Babel and Escha, Urbanalities

Overview

Description from eliterature.org
  • "A mash-up of Dadaist technique and VJ stylings, this Flash movie is the product of an 'antagonist remix' by babel vs. escha. Seven scenes provide enigmatic observations on the nature of contemporary life, on seeing and being seen, understanding and miscommunication, destruction and creation. The texts in the piece are generated randomly as the piece runs, so the reader's experience of the piece is never exactly the same twice."

Description from 391.org
  • "A cross between a short story, a poem, an animated comic and a musical..."; "babel and escha have been collaborating via 391.org and the 404 since 2004. Their 'versus' collaboration is different to an 'and' collaboration because it is a series of antagonistic remixes rather than a jointly conceived creation."

What is Dadaism?
  • From theartstory.org: "Dada was the first conceptual art movement where the focus of the artists was not on crafting aesthetically pleasing objects but on making works that often upended bourgeois sensibilities and that generated difficult questions about society, the role of the artist, and the purpose of art."
  • http://www.theartstory.org/movement-dada-artworks.htm#pnt_4
  • Fountain, Marcel Duchamp

Textual Elements/Digital Affordances

Use of music on every page, which matches the texture and timing of the piece; GIFS; video-game like feel on the second page; comic strip.

No interaction, until you've watched a page completely, then the viewer can rewatch or skip around.
  • Chris Joseph, also known as babel, works with Kate Pullinger creating the Inanimate Alice series. His aesthetic for controlled linearity shows in this piece, as well. Though we have more room for interpretation, as we can view this piece several times over and see a varied piece.
  • Each experience is slightly different, which allows us to discuss the text is ways that other varying digital texts have not allowed us to.

Spatial and temporal
  • The music provides a consistent loop, while the words quickly flash across the screen.

Interpretation

"Nature of contemporary life"
  • The clock page tell us we have no time, its time for rest, time to drink... In Western cultures, we strictly structure our time around the hours of the day, perhaps leading to a sense of "no time" as in not having enough time. The final page of this composition shows the same clock with a fluid motion inside, moving with the music. With our understanding that Urbanalities is babel vs. escha, we can think of this page as generalized Western vs. Eastern thoughts of time.
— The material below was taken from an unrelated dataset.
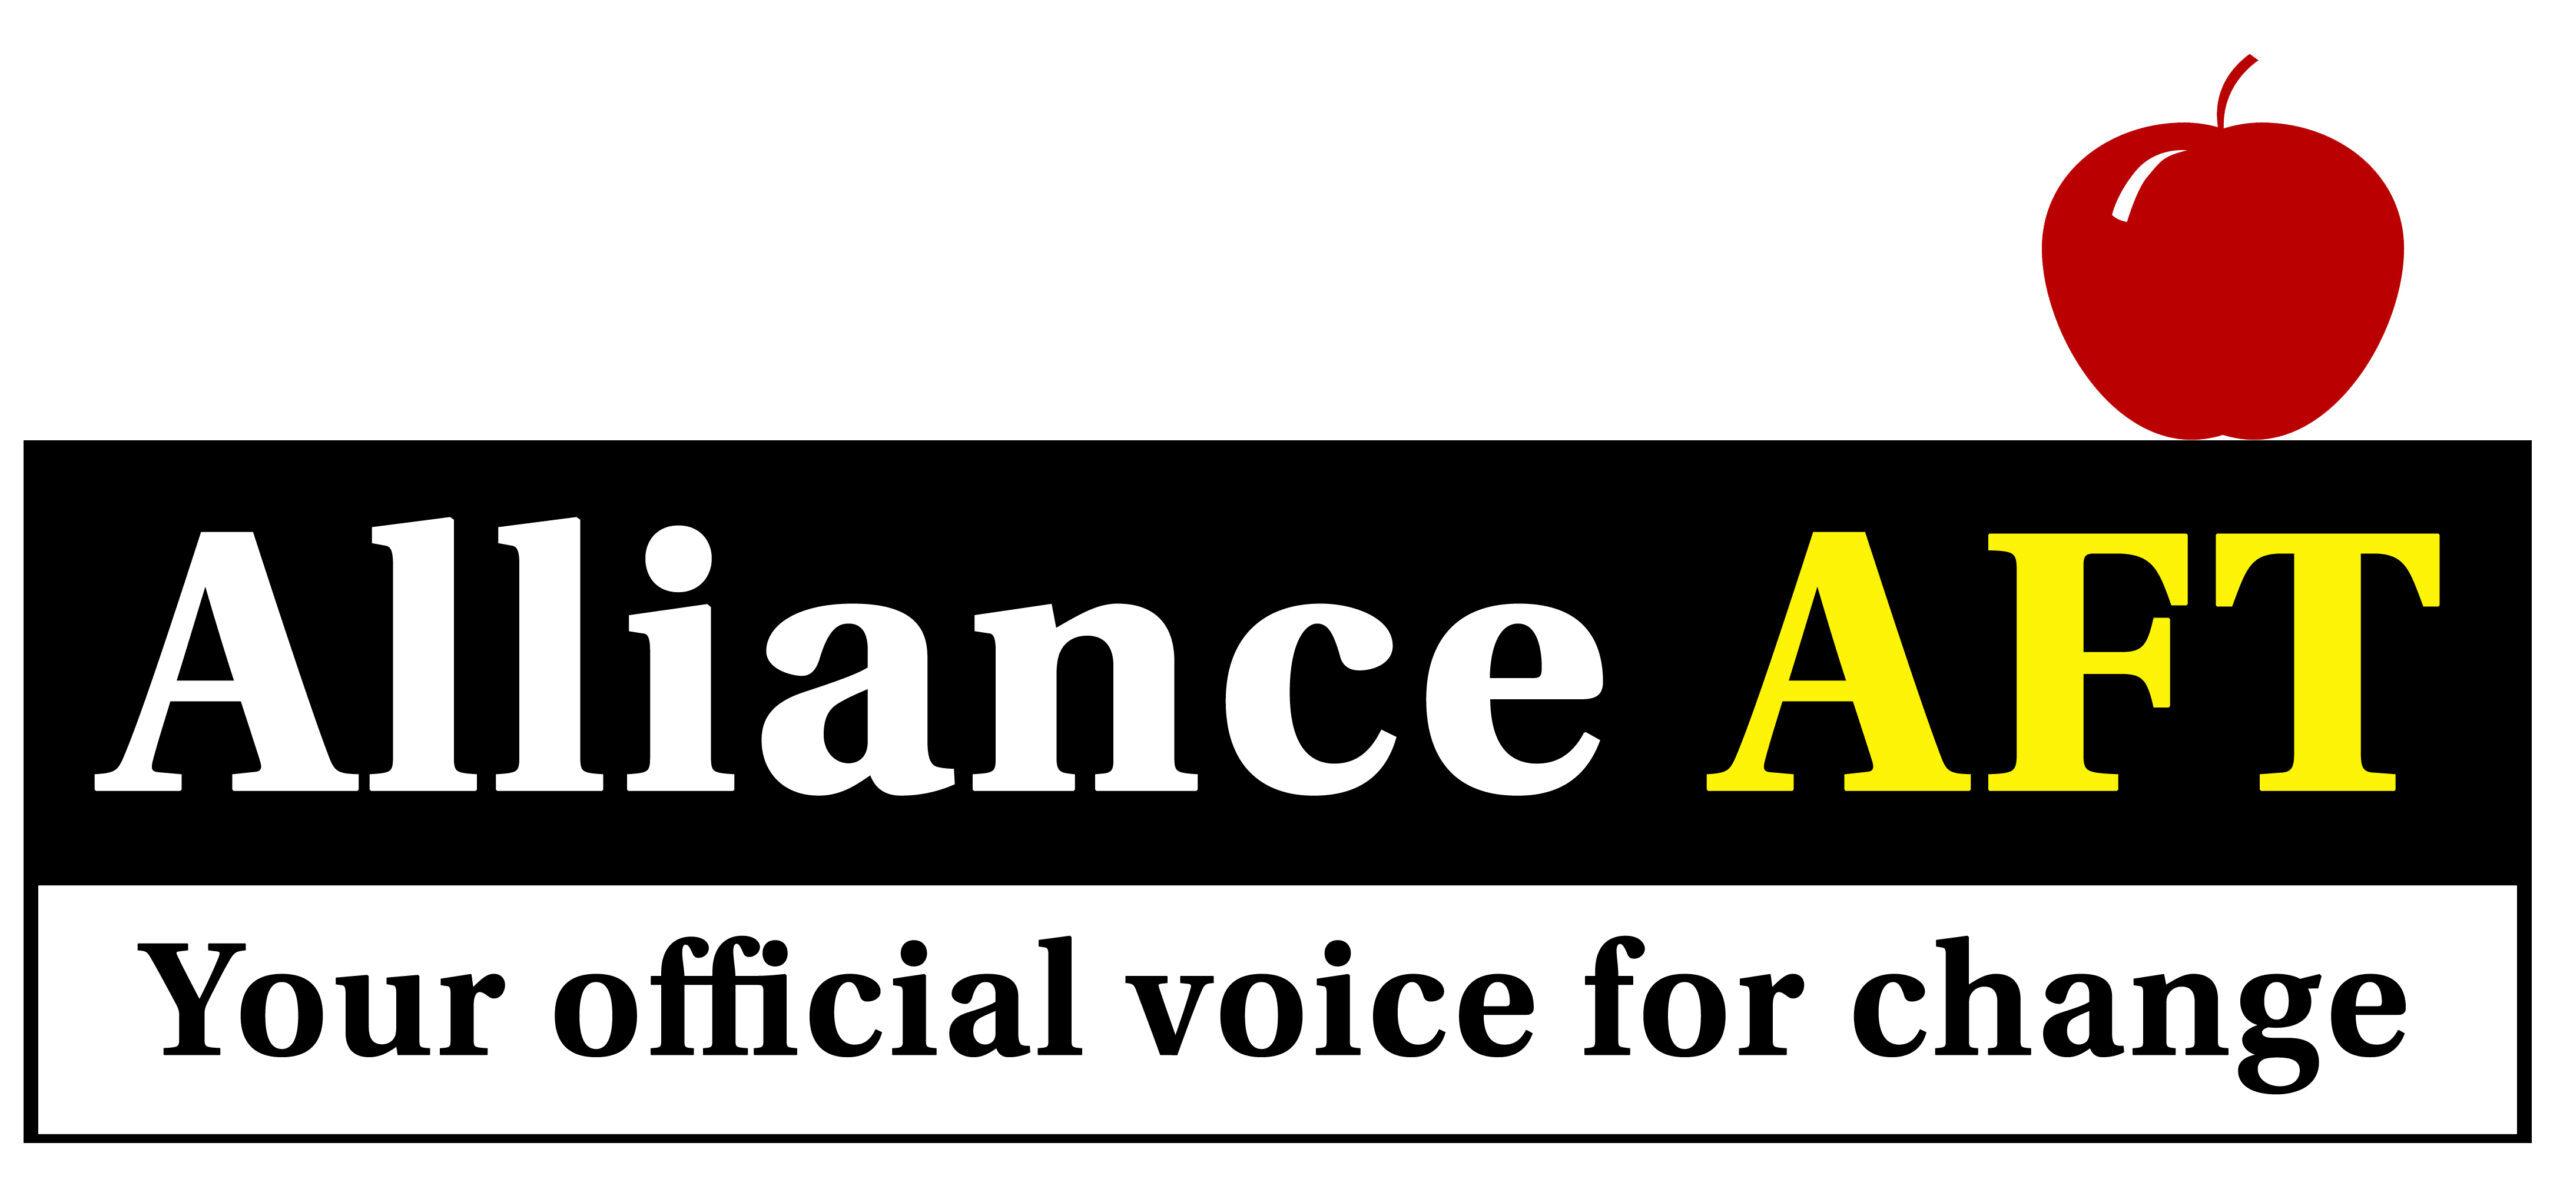 Alliance/AFT

"On seeing and being seen"
  • First-person-shooter page allows us the perspective of seeing. Each suggested person is seen and judged. However, there are multiple persons making target suggestions, which could be read as each of us not being immune to judgement of our everyday lives. Therefore, projecting Dadaist aims, babel or escha could be asserting that we are too hard on one another: some day, the target could be aimed at you.
  • The coordinates page allows us this same sense of being seen. Each coordinate tells us a small instance of what is occurring in this space.
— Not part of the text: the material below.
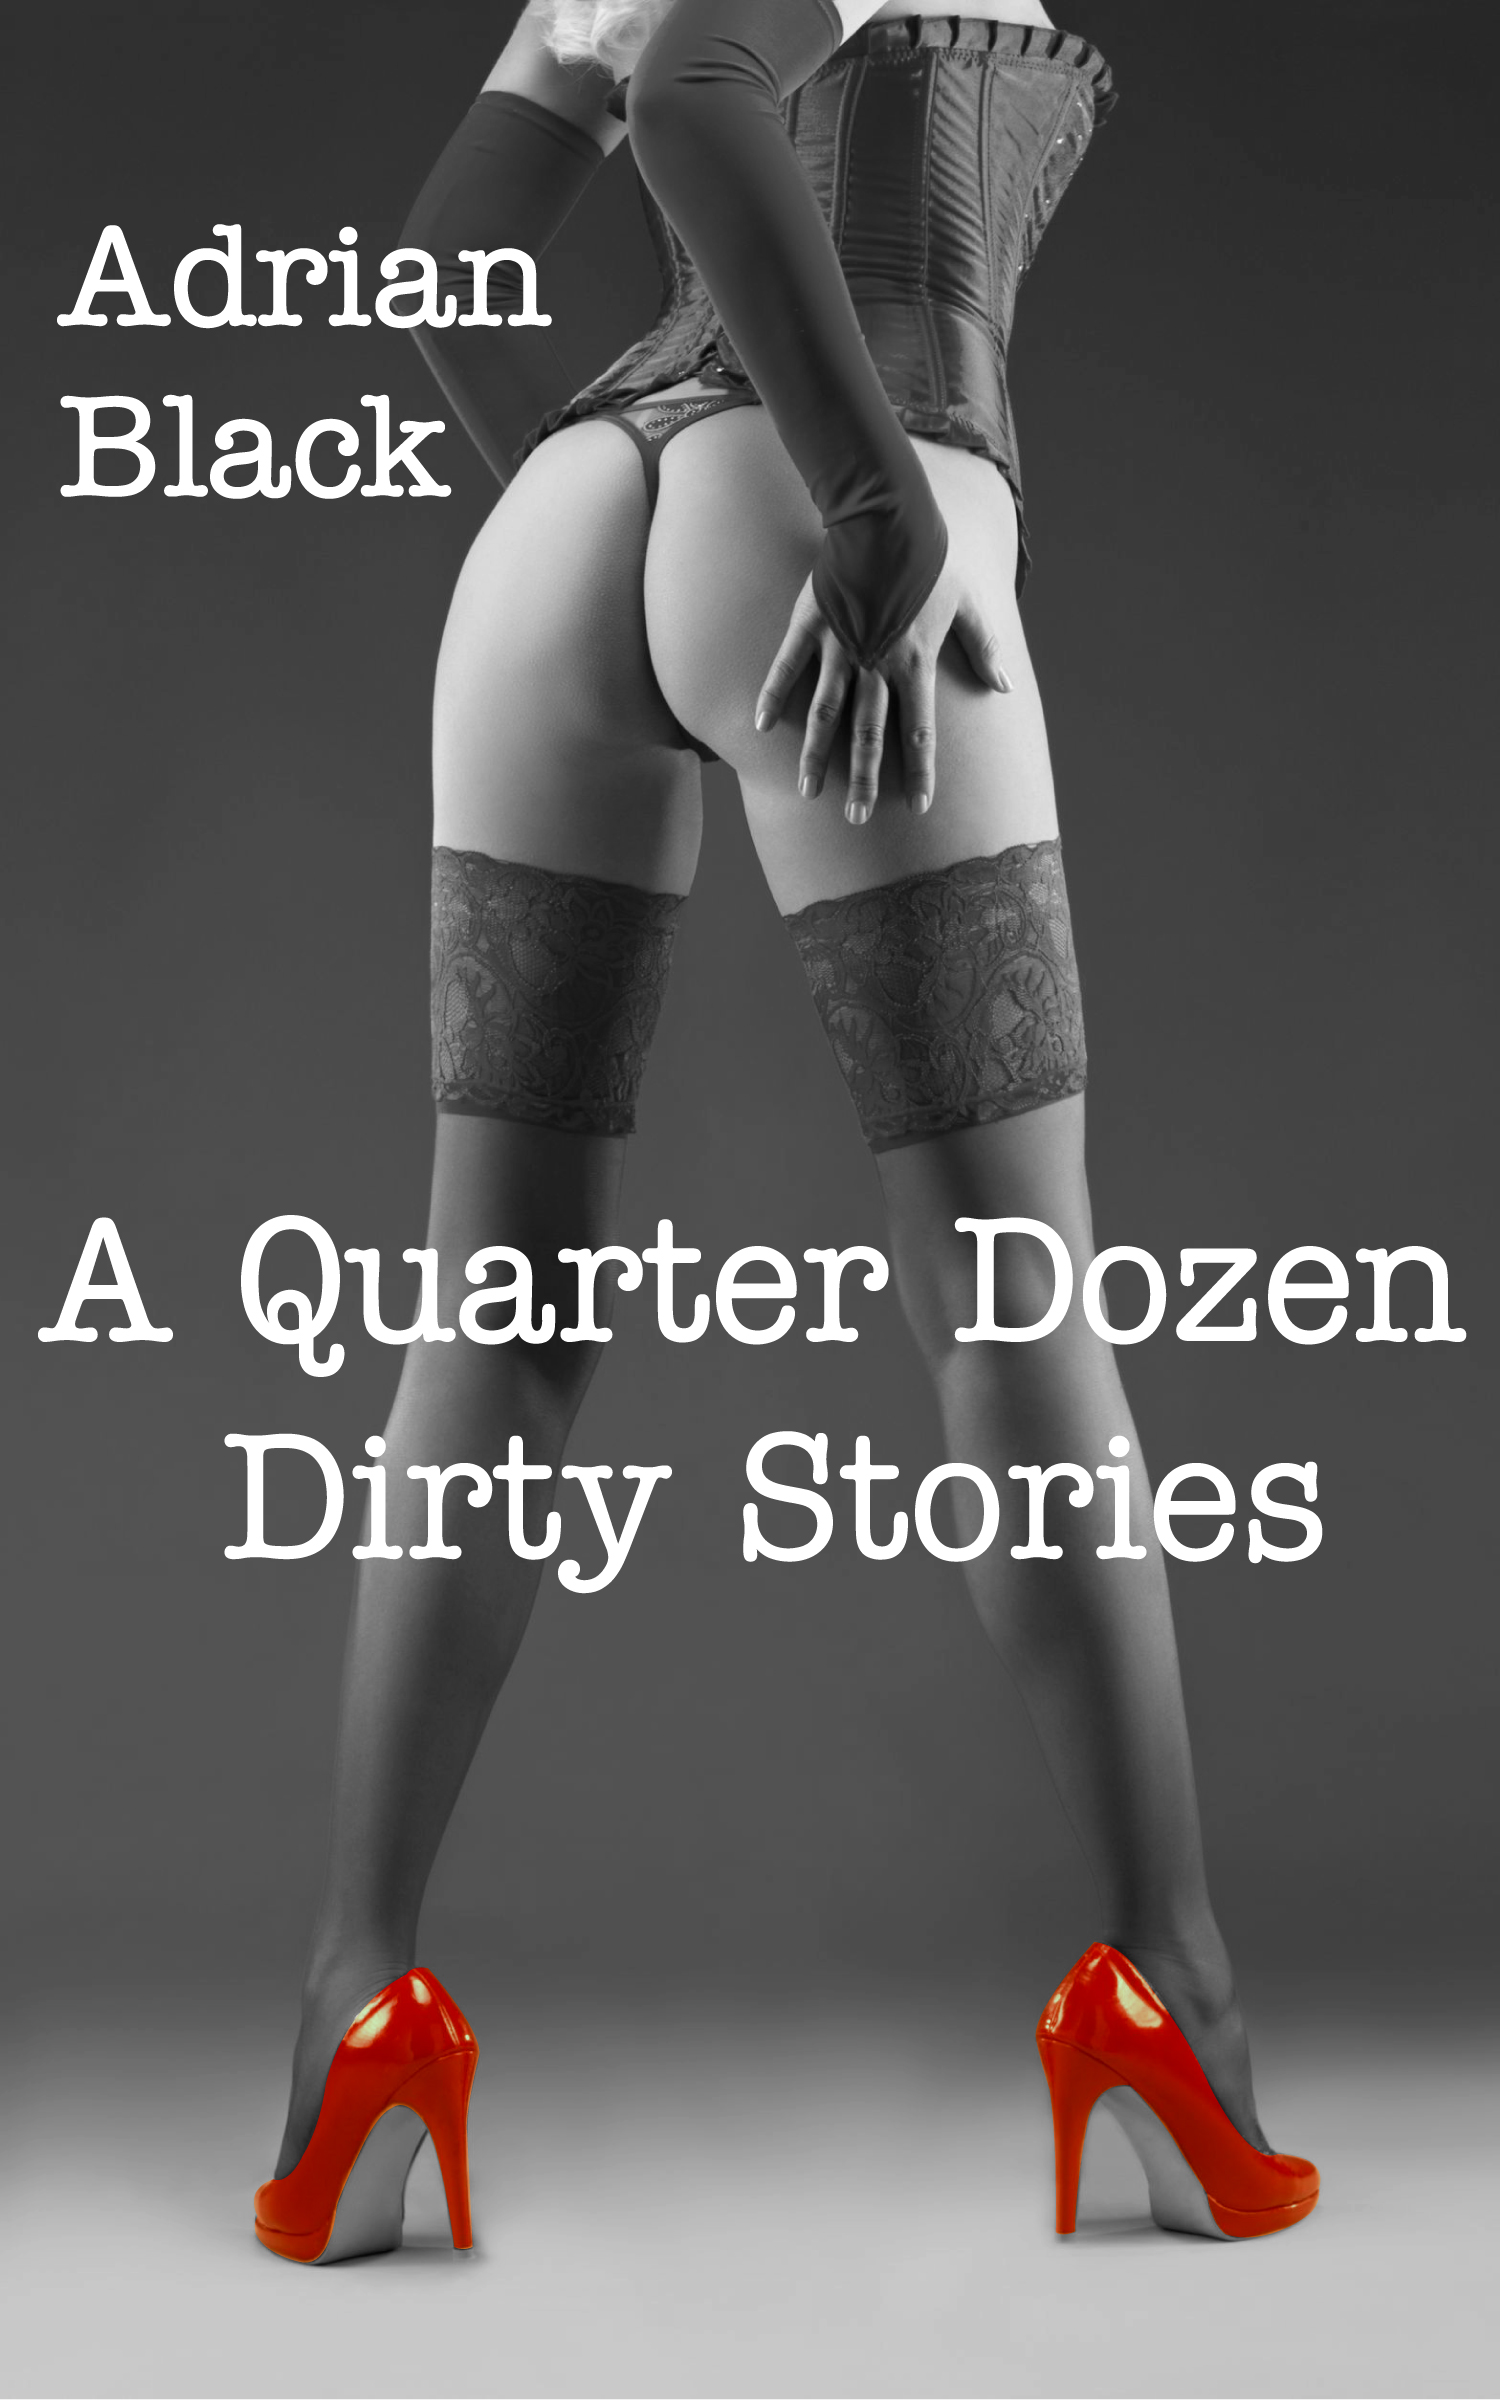 Erotic Stories main menu - straight section

"Understanding and miscommunication" & "Destruction and creation"
  • The sperm and egg page was intriguing. The authors are working with seeming binaries, but their composition allows the reader to question whether they are truly binaries or not. For instance, the male textual representation on this page are all reasons to leave a relationship: "mean", "boastful", "crazy", "headstrong", etc. The female textual representation concerns sexuality and the burden of miscommunication, i.e. the consequences of unsafe sex. However, both roles can be switched - women leave relationships for the same reasons, men have similar consequences of unsafe sex. Thus, mutual understanding can be reached when empathy is used.
  • This section could also be an example of destruction and creation, with the reasons for leaving a relationship and safe sex practices seen as destructive to procreation, and the final animation of the page seen as literal creation.